Mistral AI, in collaboration with NVIDIA, has introduced NeMo, a robust 12-billion parameter model. This cutting-edge model features a remarkable context window that can handle up to 128,000 tokens and is noted for its top-tier performance in reasoning, world knowledge, and coding accuracy within its size category.
The partnership between Mistral AI and NVIDIA has led to a model that not only excels in performance but also emphasizes user-friendliness. Mistral NeMo can seamlessly replace systems currently operating with Mistral 7B due to its reliance on a standard architecture.
To foster wider adoption and encourage further research, Mistral AI has released both the pre-trained base and instruction-tuned checkpoints under the Apache 2.0 license. This open-source approach is expected to be highly attractive to both researchers and enterprises, potentially accelerating the integration of the model into various applications.
A standout feature of Mistral NeMo is its quantization-aware training, which facilitates FP8 inference without sacrificing performance. This capability is particularly beneficial for organizations aiming to deploy large language models efficiently.
Performance comparisons provided by Mistral AI highlight the Mistral NeMo base model’s superiority over two recent open-source pre-trained models: Gemma 2 9B and Llama 3 8B.
Mistral AI emphasized the model’s suitability for global, multilingual applications. It’s proficient in function calling, boasts a large context window, and excels in languages including English, French, German, Spanish, Italian, Portuguese, Chinese, Japanese, Korean, Arabic, and Hindi.
“This is a new step toward bringing frontier AI models to everyone’s hands in all languages that form human culture,” Mistral AI stated.
Mistral NeMo also introduces Tekken, a new tokenizer inspired by Tiktoken. Tekken, trained on over 100 languages, improves compression efficiency for both natural language text and source code, outperforming the SentencePiece tokenizer used in previous Mistral models. According to the company, Tekken is about 30% more efficient in compressing source code and several major languages, with even greater gains for Korean and Arabic.

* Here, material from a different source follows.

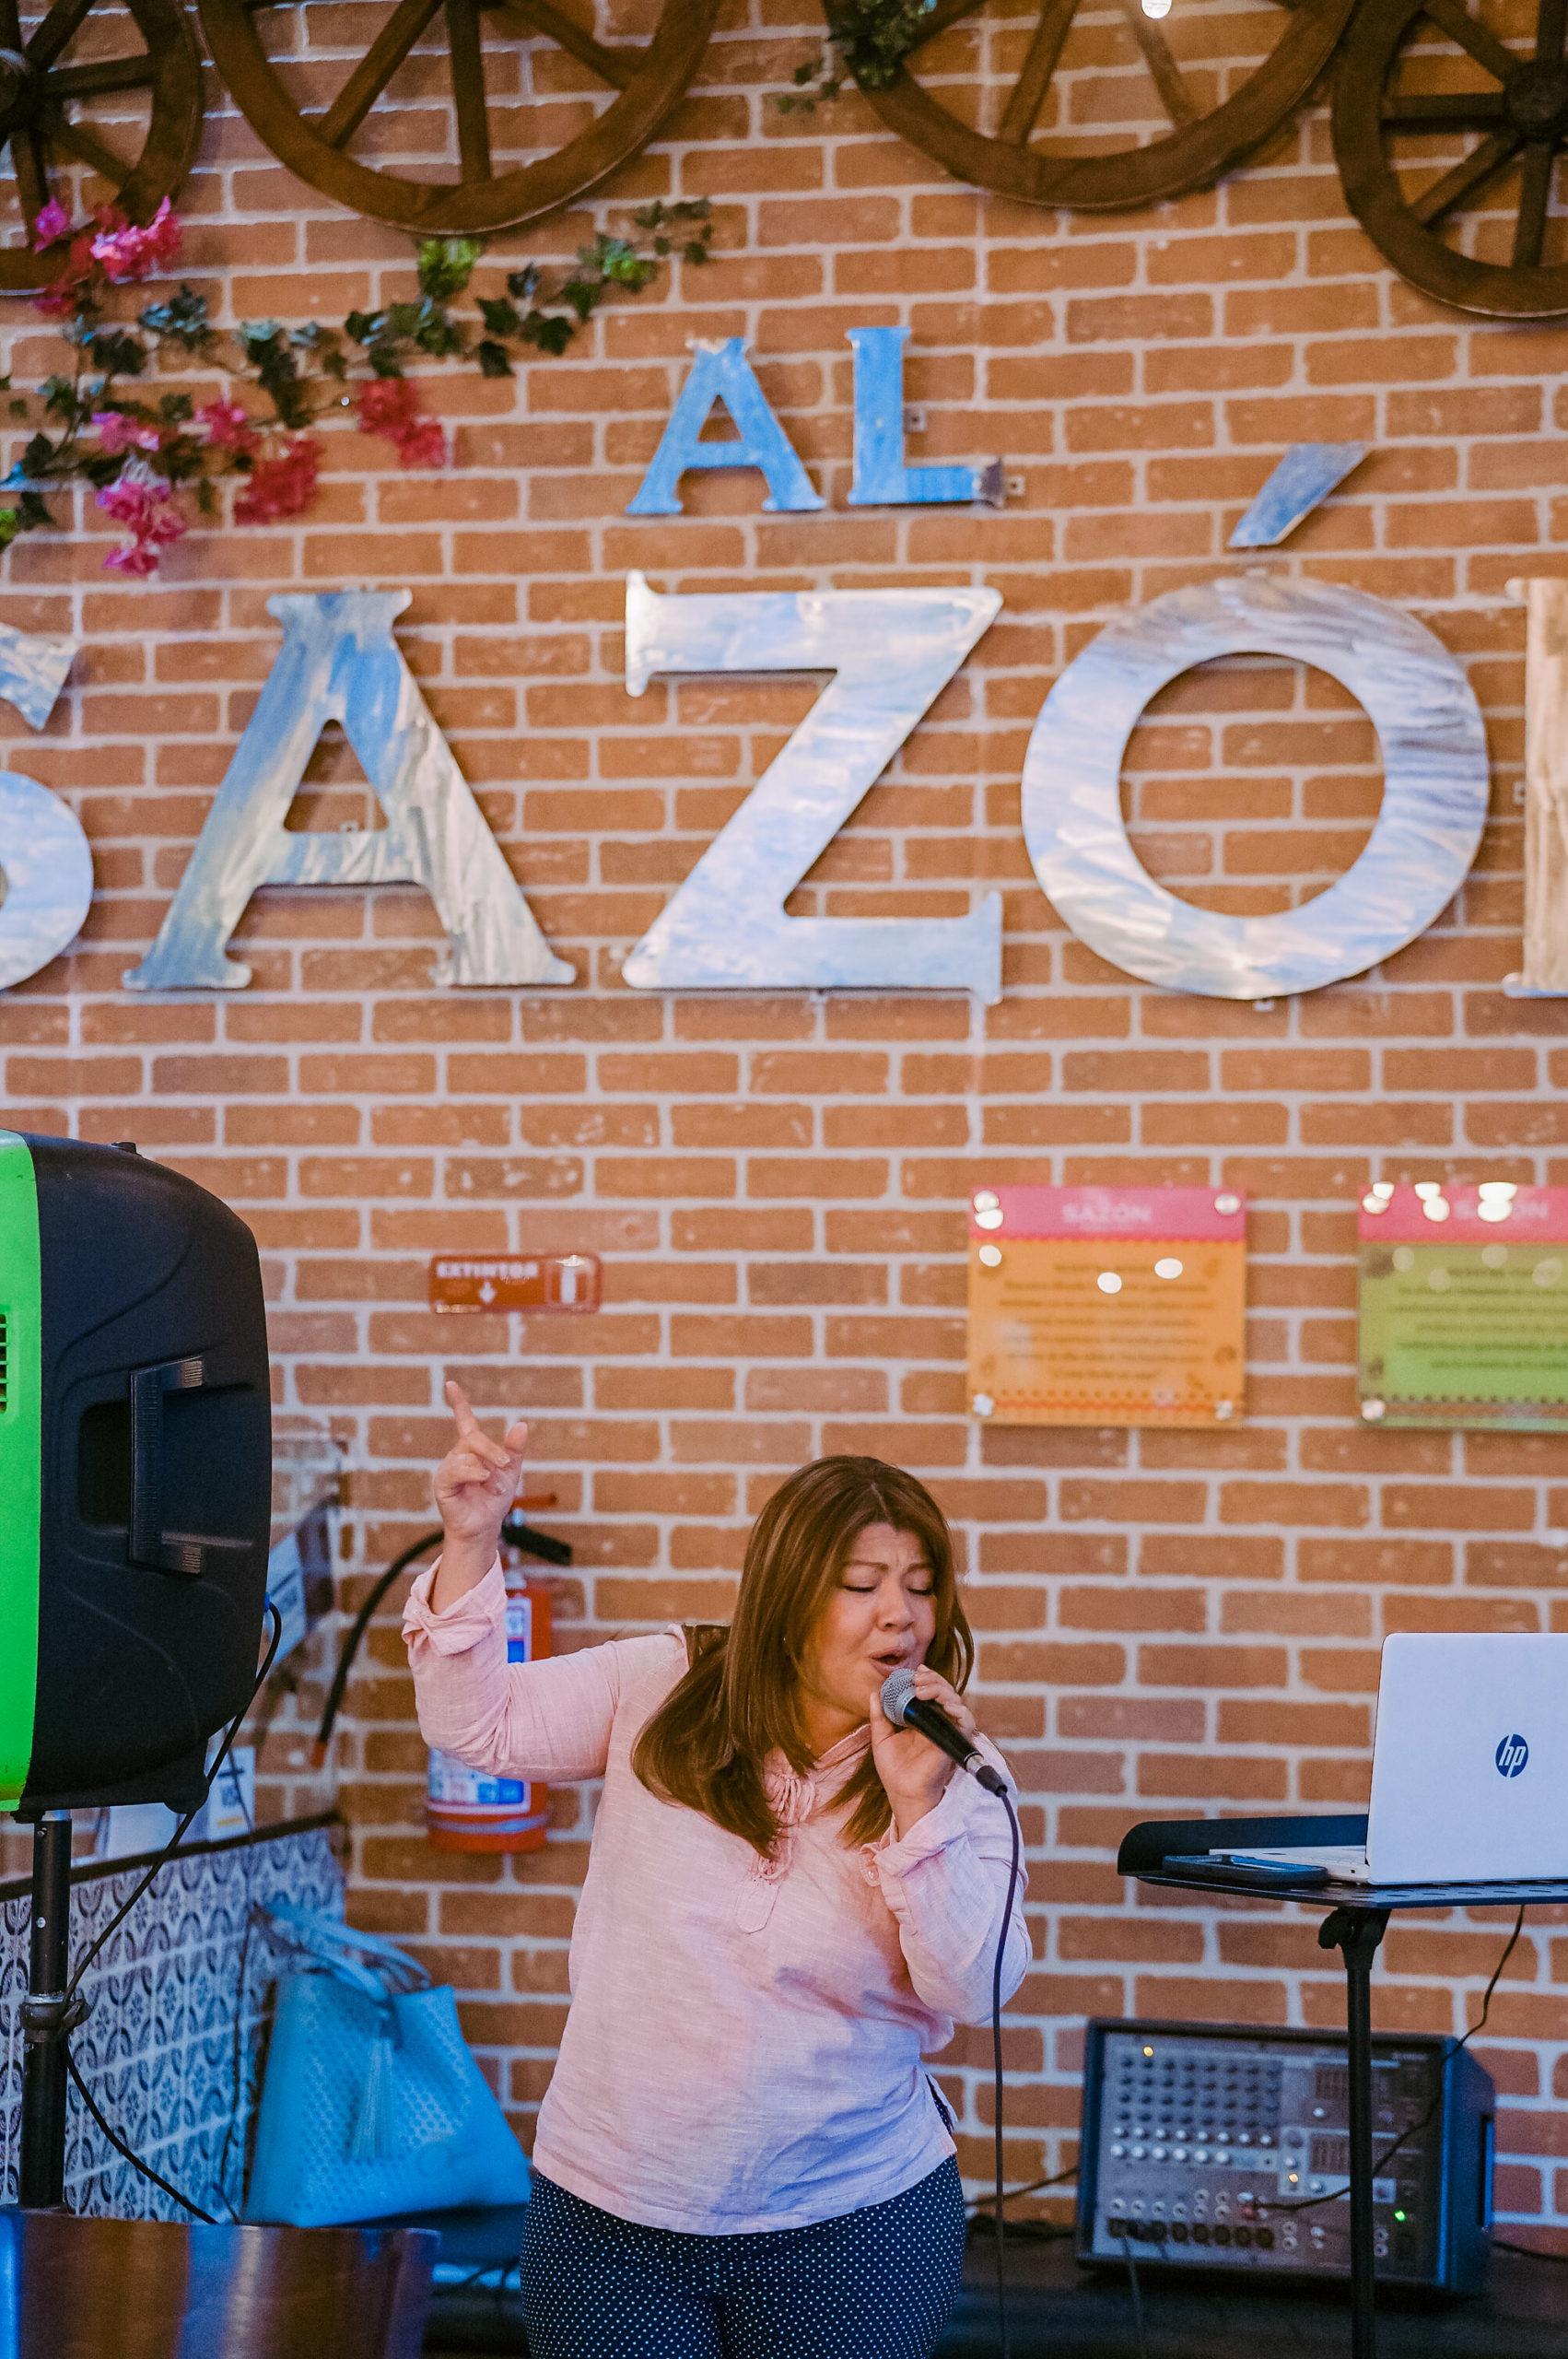 Al Sazón se distingue por un ambiente familiar y amigable

Furthermore, Mistral AI claims that Tekken surpasses the Llama 3 tokenizer in text compression for around 85% of all languages, giving Mistral NeMo a potential advantage in multilingual applications.
Both the base and instruction-tuned versions of the model's weights are now available on HuggingFace. Developers can start experimenting with Mistral NeMo using the mistral-inference tool and customize it with mistral-finetune. For users of Mistral’s platform, the model is accessible under the name open-mistral-nemo.
Additionally, Mistral NeMo is available as an NVIDIA NIM inference microservice on ai.nvidia.com, thanks to the collaboration with NVIDIA. This integration could simplify deployment for organizations already utilizing NVIDIA’s AI ecosystem.
The launch of Mistral NeMo marks a significant advancement in making sophisticated AI models more accessible. By combining high performance, multilingual capabilities, and open-source availability, Mistral AI and NVIDIA aim to provide a versatile tool for a broad range of AI applications across various industries and research domains.